- Born: July 19, 1980 (age 45) Miami, Florida, U.S.
- Label: Jorge Manuel

= Jorge Manuel =

Jorge Manuel (born July 19, 1980) is a Cuban-American fashion designer based in Miami.

==Early life==

Jorge Manuel was born in the beautiful city of Miami. He grew up a product of the cultural diversity of this dynamic city, while attending private schools mostly influenced by Latin American families. He earned a degree in Advertising and Liberal Studies from Florida International University, where he took a variety of classes in Design, Architecture, Art History, and Graphics.
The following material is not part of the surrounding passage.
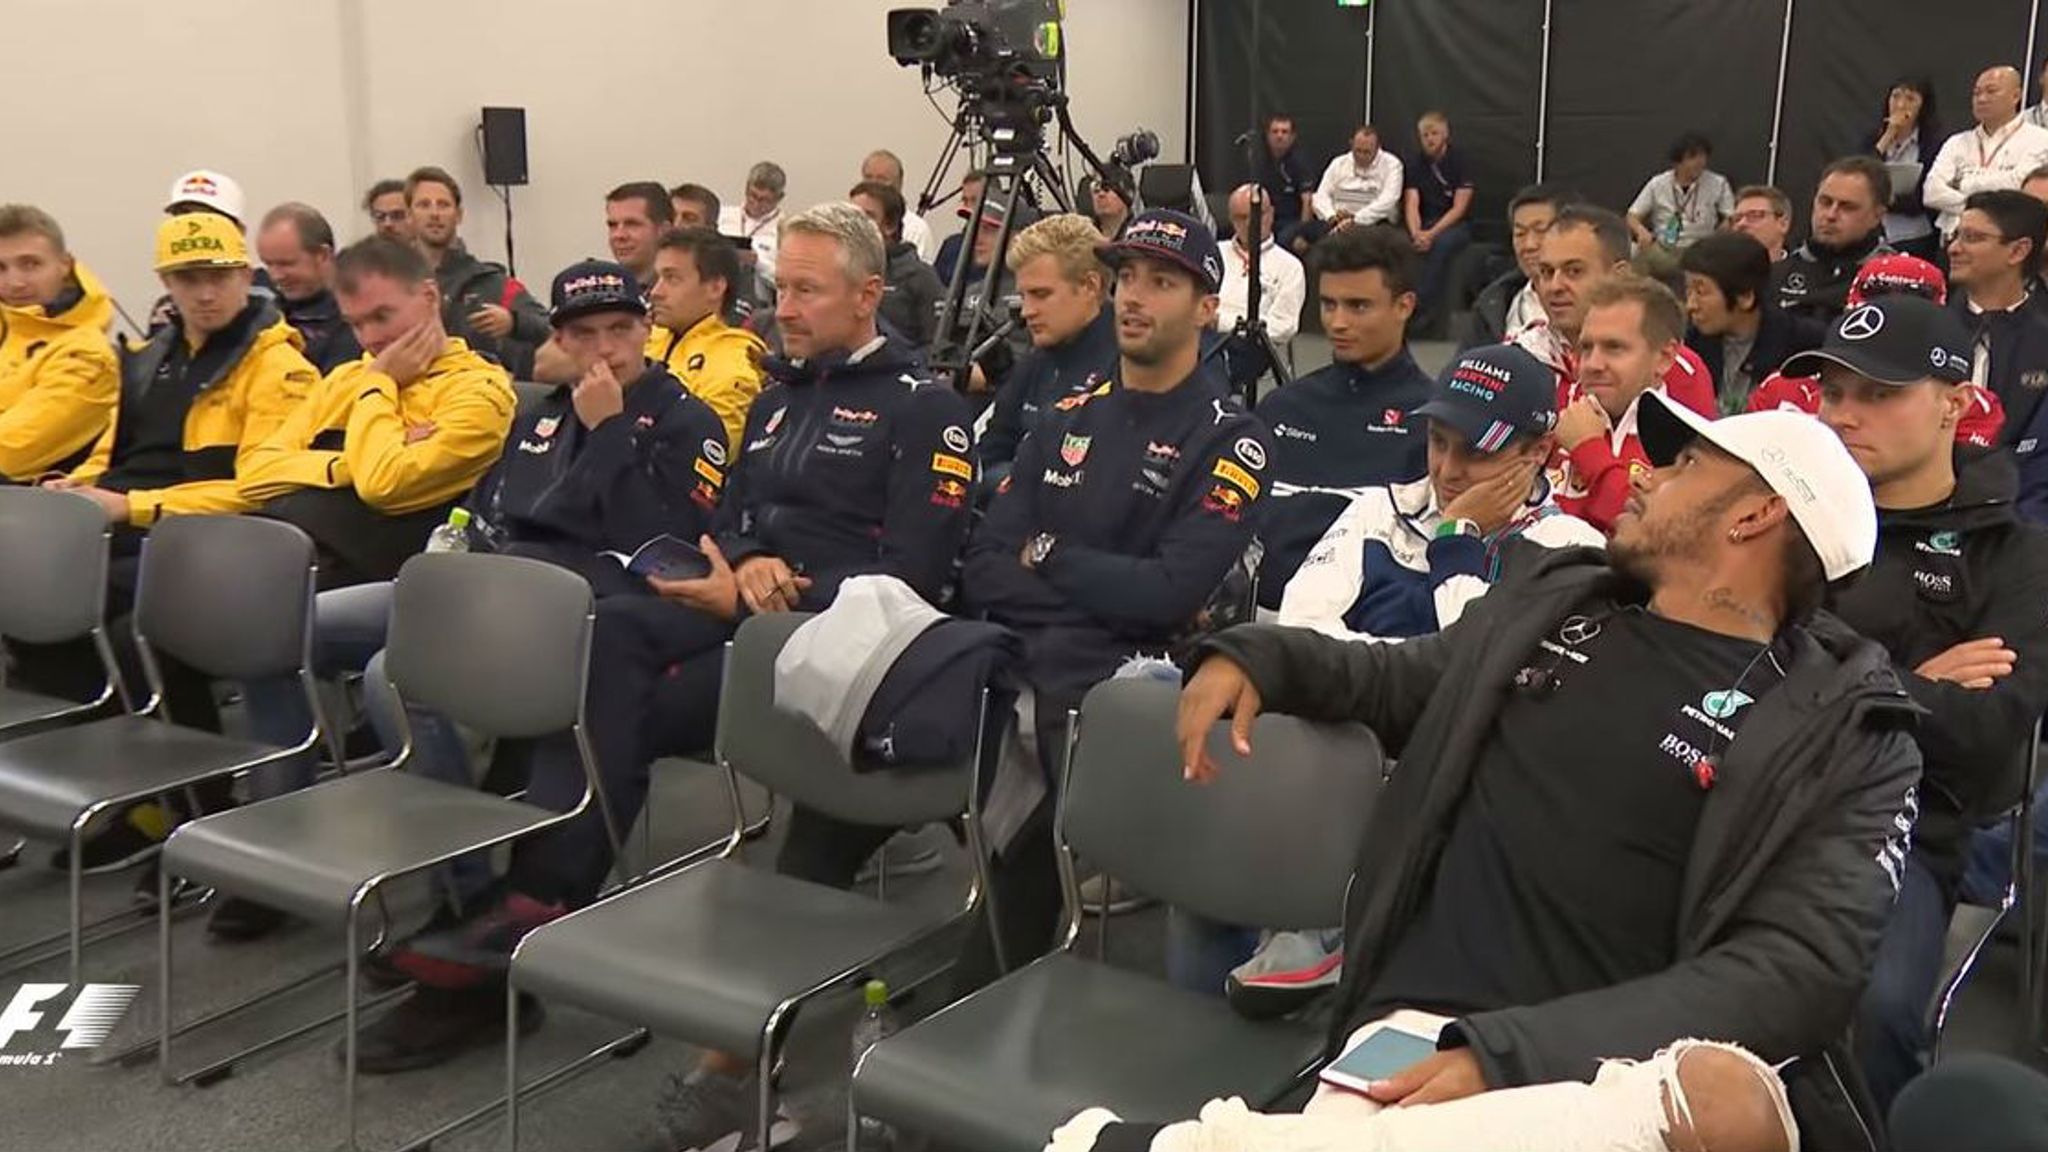 Behind the scenes at a drivers' briefing.

Jorge Manuel's work draws on the cultural diversity of his city, combining influences that include Caribbean aesthetics, Asian minimalism, cubist forms, and Art Deco elements.

Jorge began his career as a wedding planner at the age of 15 and quickly became a popular wedding planner in the community, opening his first event company at 16.
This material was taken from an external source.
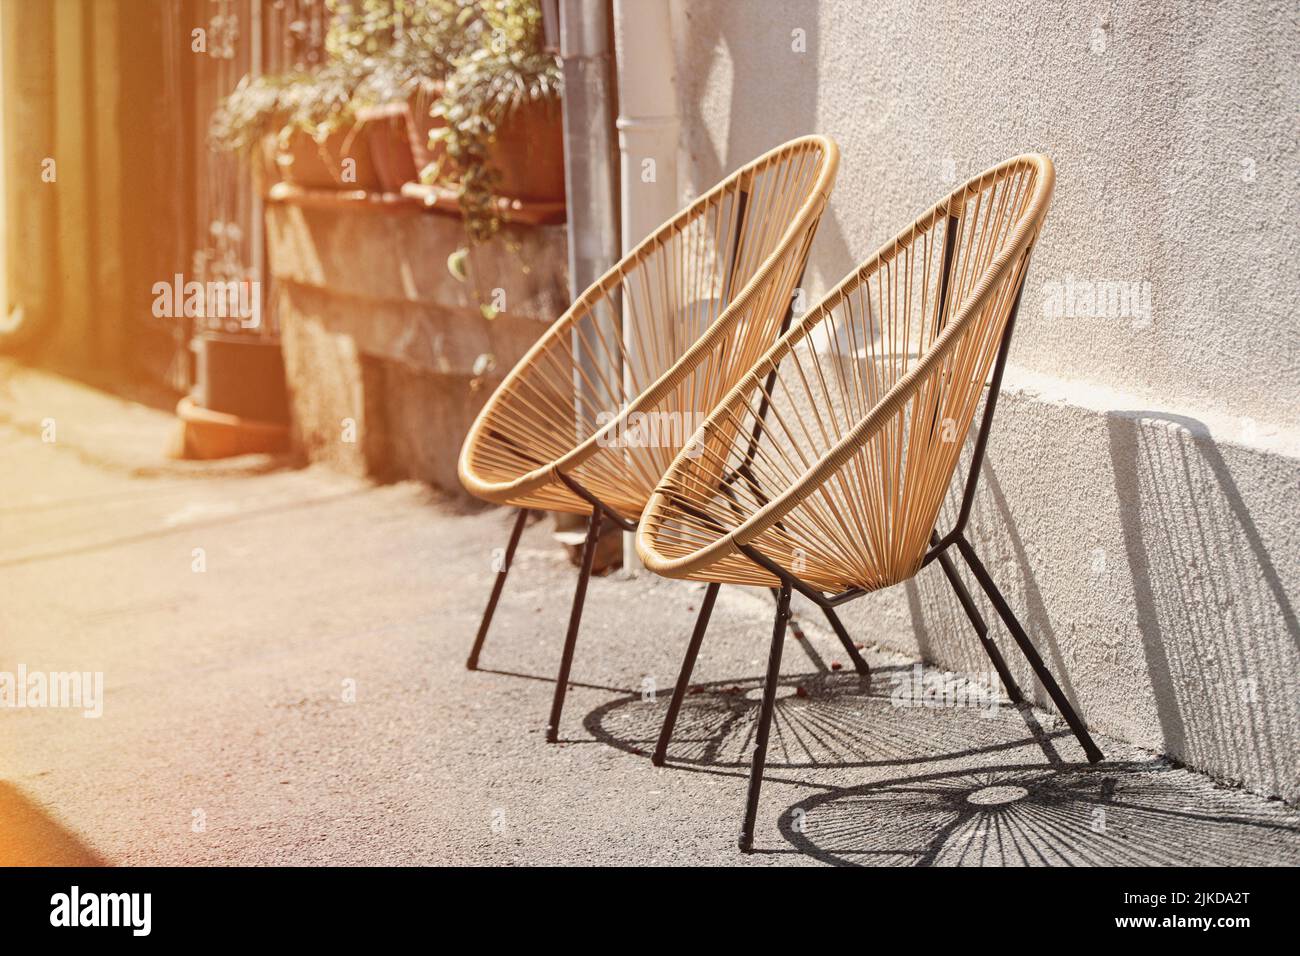 Rattan Wicker Chair. Wicker Armchairs Stand Outside. Modern Furniture At Street. Cafe Furniture. Trendy Designer Chairs. Fashion Designer Armchairs. Stock Photo

Yet, he always found himself sketching: on a discarded napkin, on the corner of paperwork. His artistic expression found its niche in something very close to home: his grandmother died still nursing her dream of one day opening her own bridal atelier. Jorge Manuel's first wedding gown was designed and produced at the age of 17, and he continued designing for private clients and boutiques. His couture gowns, handcrafted and designed, have been worn by discriminating clients who wanted something unique, and who recognized the perspective of Jorge Manuel’s signature style.

==Career==

After four years in the making, Jorge Manuel launched his first collection of Haute Couture and prêt-a-porter gowns, the Etelvina collection, in 2008. The inspirations for his first collection were the important women that surrounded him and influenced his life. He took the abstract - their experiences, motivations, successes, personalities – and gave them life, and fluid, fabric form. Jorge Manuel’s first collection was unveiled at a Jorge Manuel fashion show to benefit the National Breast Cancer Foundation. In connection with a local television broadcaster, Univision 23, Jorge Manuel donated a gown to a breast cancer survivor, who wore it her wedding - a wedding she at one time believed she would not live to see. “I believe this was one of my best moments,” remembers Jorge Manuel, “sharing the gift of a dream fulfilled with someone who just refused to give up.”
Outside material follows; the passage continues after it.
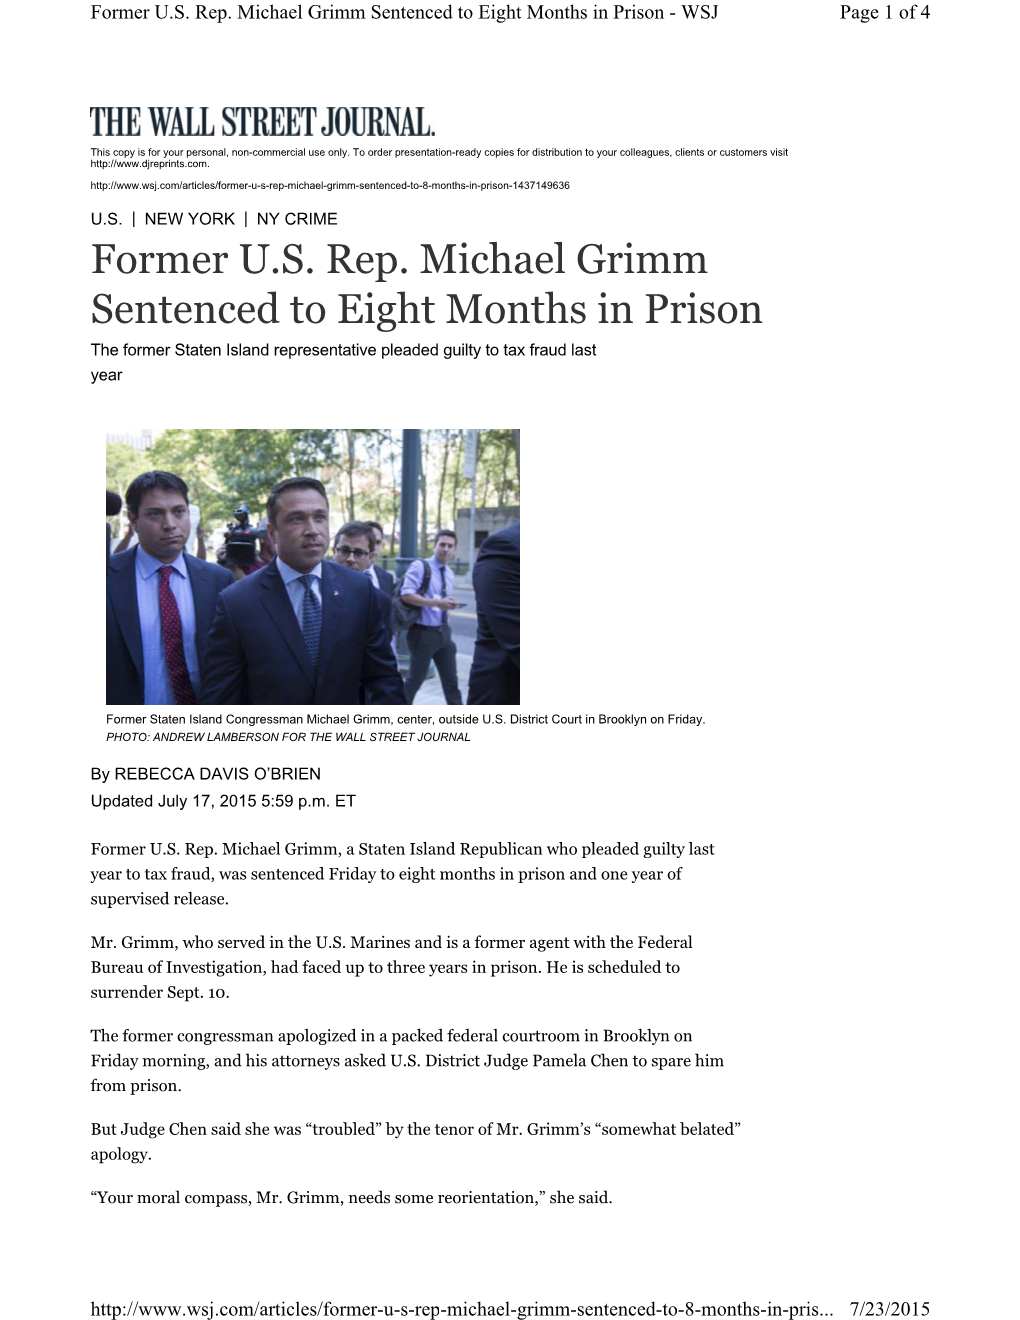 Former U.S. Rep. Michael Grimm Sentenced to Eight Months in Prison - WSJ Page 1 of 4

Jorge Manuel introduced his second collection, The Demetrius Collection in the Fall of 2010. The inspiration for this collection, extracted from the works of Lewis Carroll, embraced the fantasy, the ethereal and the innocent. The designer brought to life a collection based on the “story of a girl named Alice” who found her place among the “different,” yet beautiful characters of a Wonderland. Each scene reflected the style in the dress, depending where she is and with whom. The unveiling of this collection was a turning point for the young designer. Without a doubt, the campaign for this collection challenged his ability to create a solid structure for his clever gowns, to imagine visuals in form of art for the scenes and to envision the characters far beyond the concept of design.

His third collection, The Matilda Collection, was named after his grandmother. The Matilda Collection is all about old world fashion meeting new world design. The collection features classic silhouettes with contemporary designs created through the use of clean lines. His work on this collection would catch the attention of bridal magazines including "Weddings Unveiled" and "Martha Stewart Weddings."